Personalized Production, Non-Genomic Engineering, and Time-Resolved Proteomics of Therapeutic Phages for Biohazardous and Multidrug-Resistant Bacteria

Bacteriophages are potent therapeutics against biohazardous bacteria, which rapidly develop multidrug resistance. However, routine administration of phage therapy is currently hampered by a lack of rapid phage production and efficient bioengineering and characterization capabilities. Thus, we have developed a comprehensive cell-free platform for time-efficient and personalized manufacturing, transient bioengineering, and proteomic characterization of a broad spectrum of phages. We validated 40  hypothetical proteins, including non-structural proteins, from T7 and CLB-P3 phages using high-resolution mass spectrometry and identified a new late-expressing gene cluster. Just a few microliters of the one-pot reaction produce effective doses of phages against enteroaggregative E. coli (EAEC) and potential biological warfare agents such as Yersinia pestis. By coexpressing suitable host factors, we could extend the range of cell-free phage production to include selective phages targeting gram-positive bacteria.
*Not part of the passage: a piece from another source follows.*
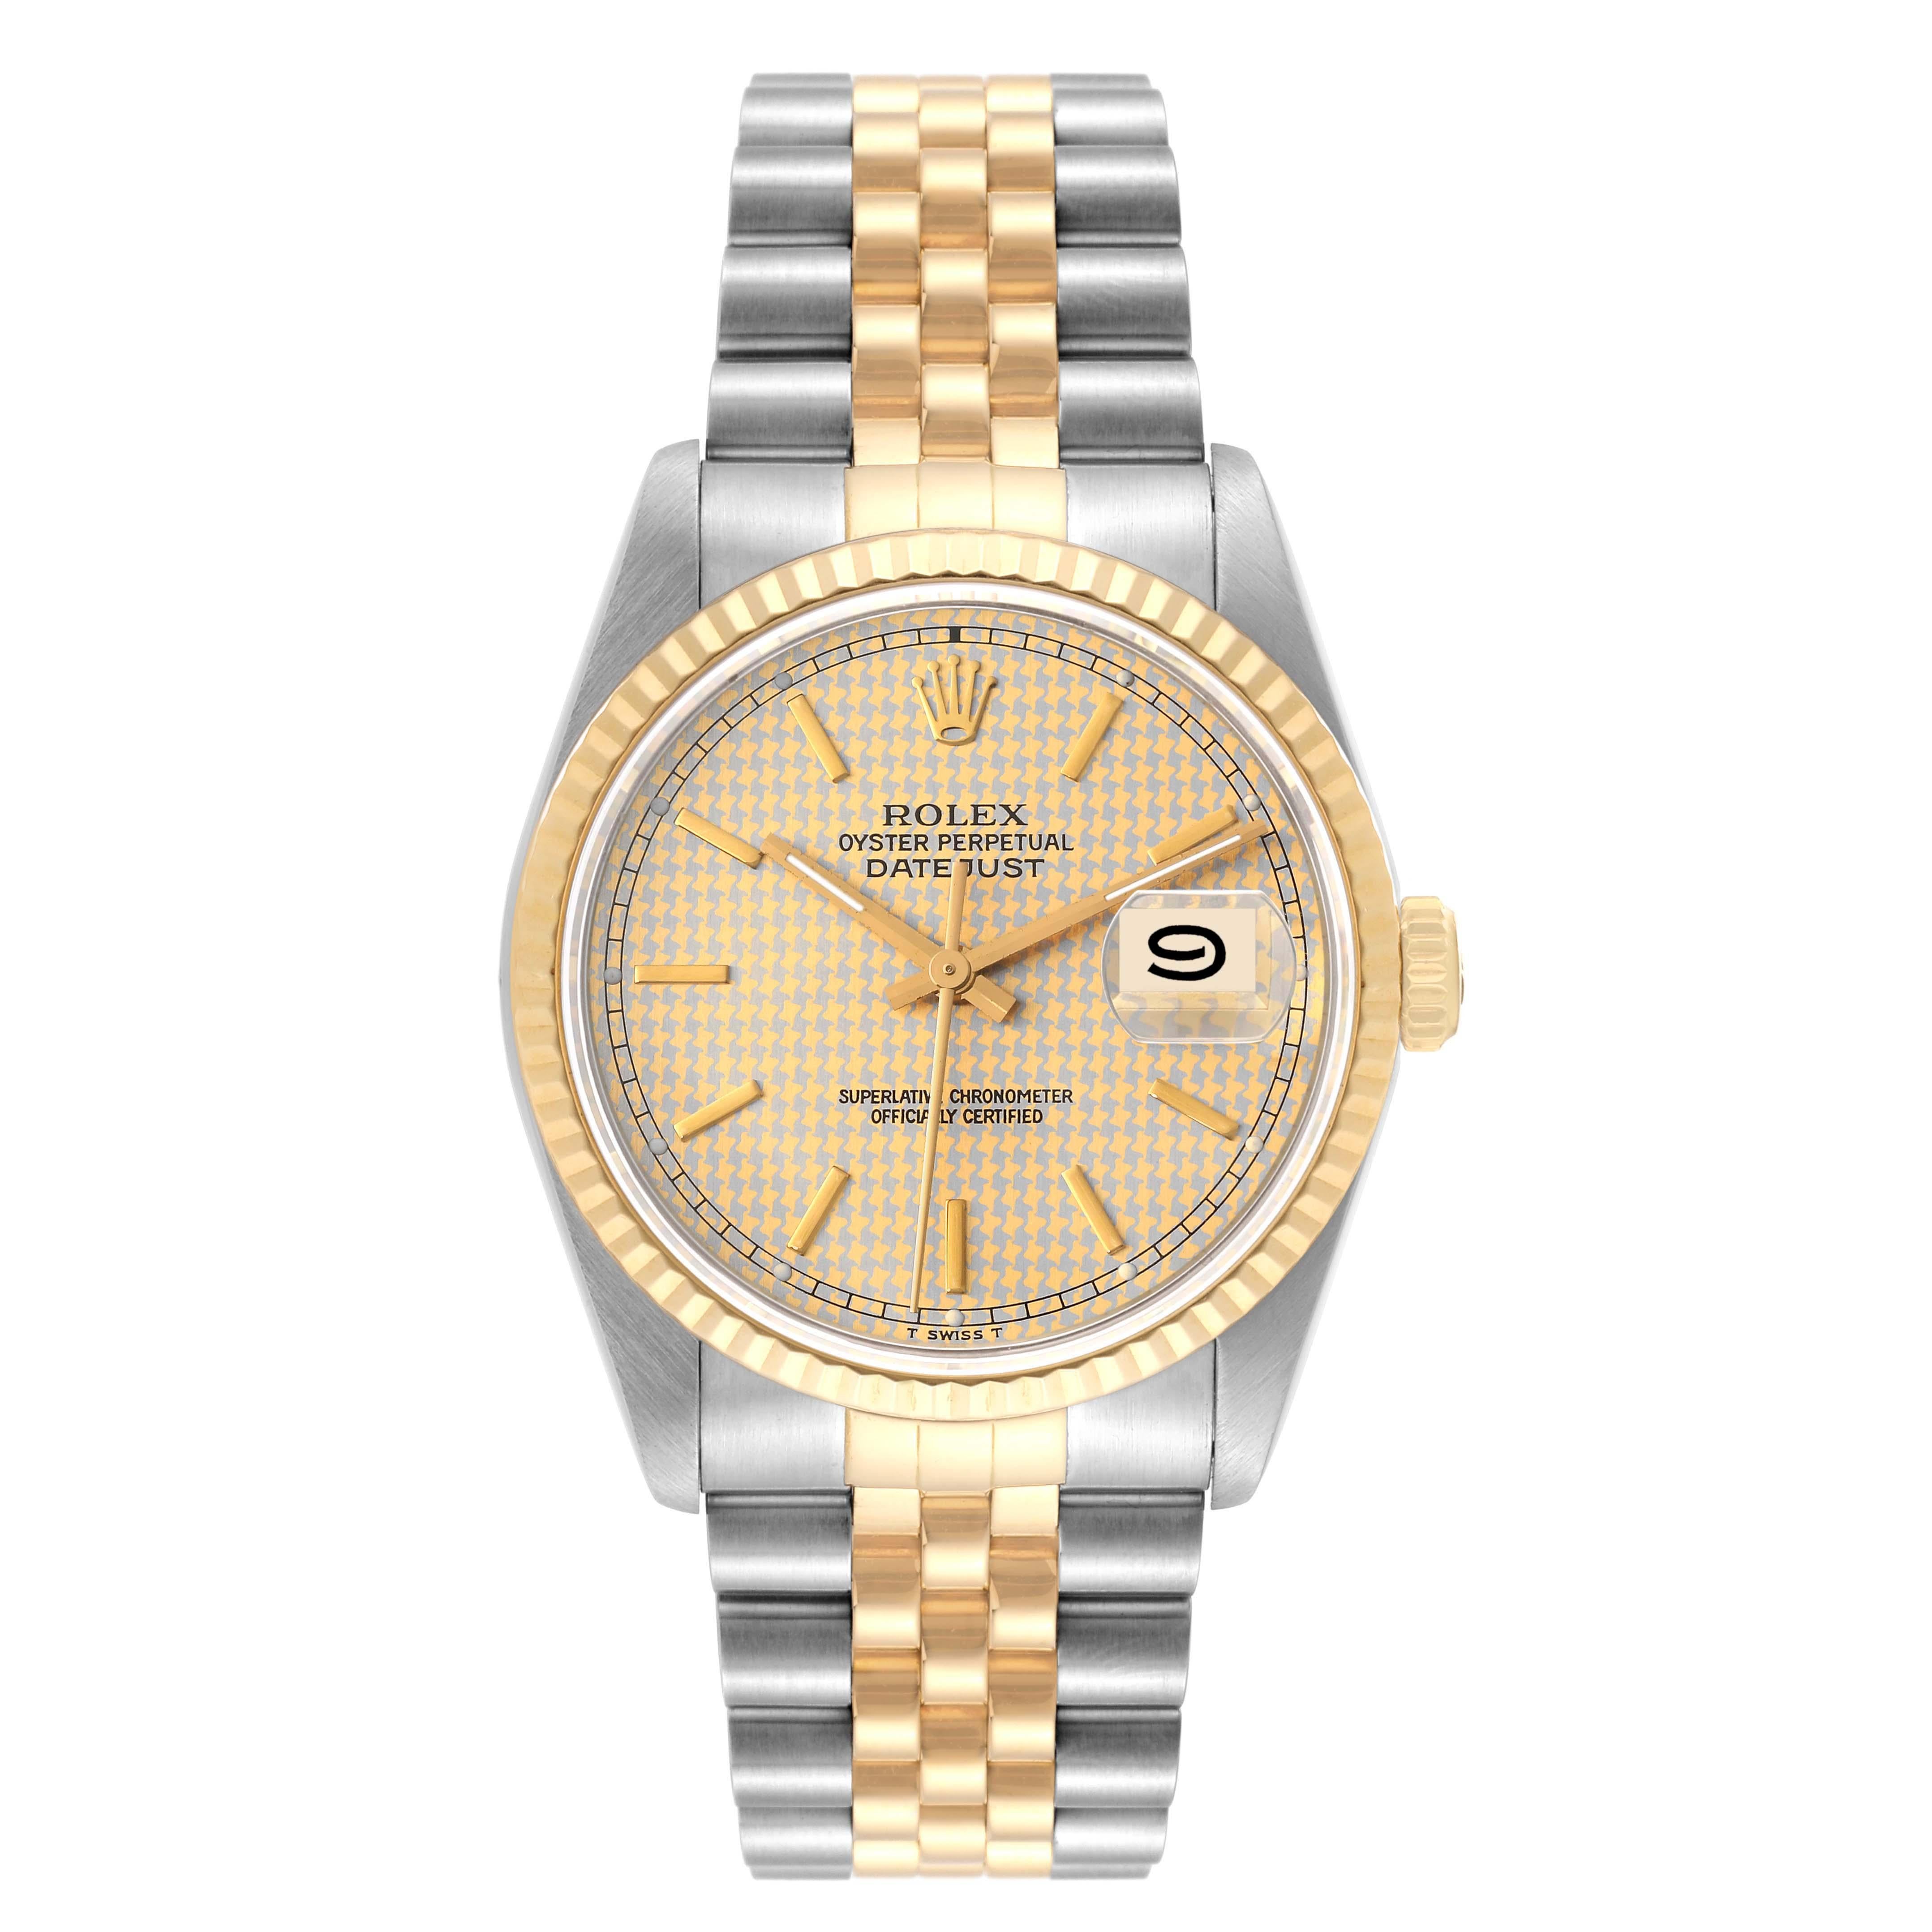 Rolex Datejust Houndstooth Dial Steel Yellow Gold Mens Watch 16233. Officially certified chronometer automatic self-winding movement. Stainless steel case 36 mm in diameter.  Rolex logo on an 18K yellow gold crown. 18k yellow gold fluted bezel.

We also introduce a transient, non-genomic phage engineering method, which adds functionalities for only one replication cycle. Finally, we showcase a pipeline for personalized phage therapy of a multidrug-resistant ESKAPE pathogen using a newly isolated and in-vitro produced phage against Klebsiella pneumoniae. We expect our cell-free methodology to enable accelerated reverse and forward phage engineering and the safe and customized production of clinical-grade therapeutic bacteriophages.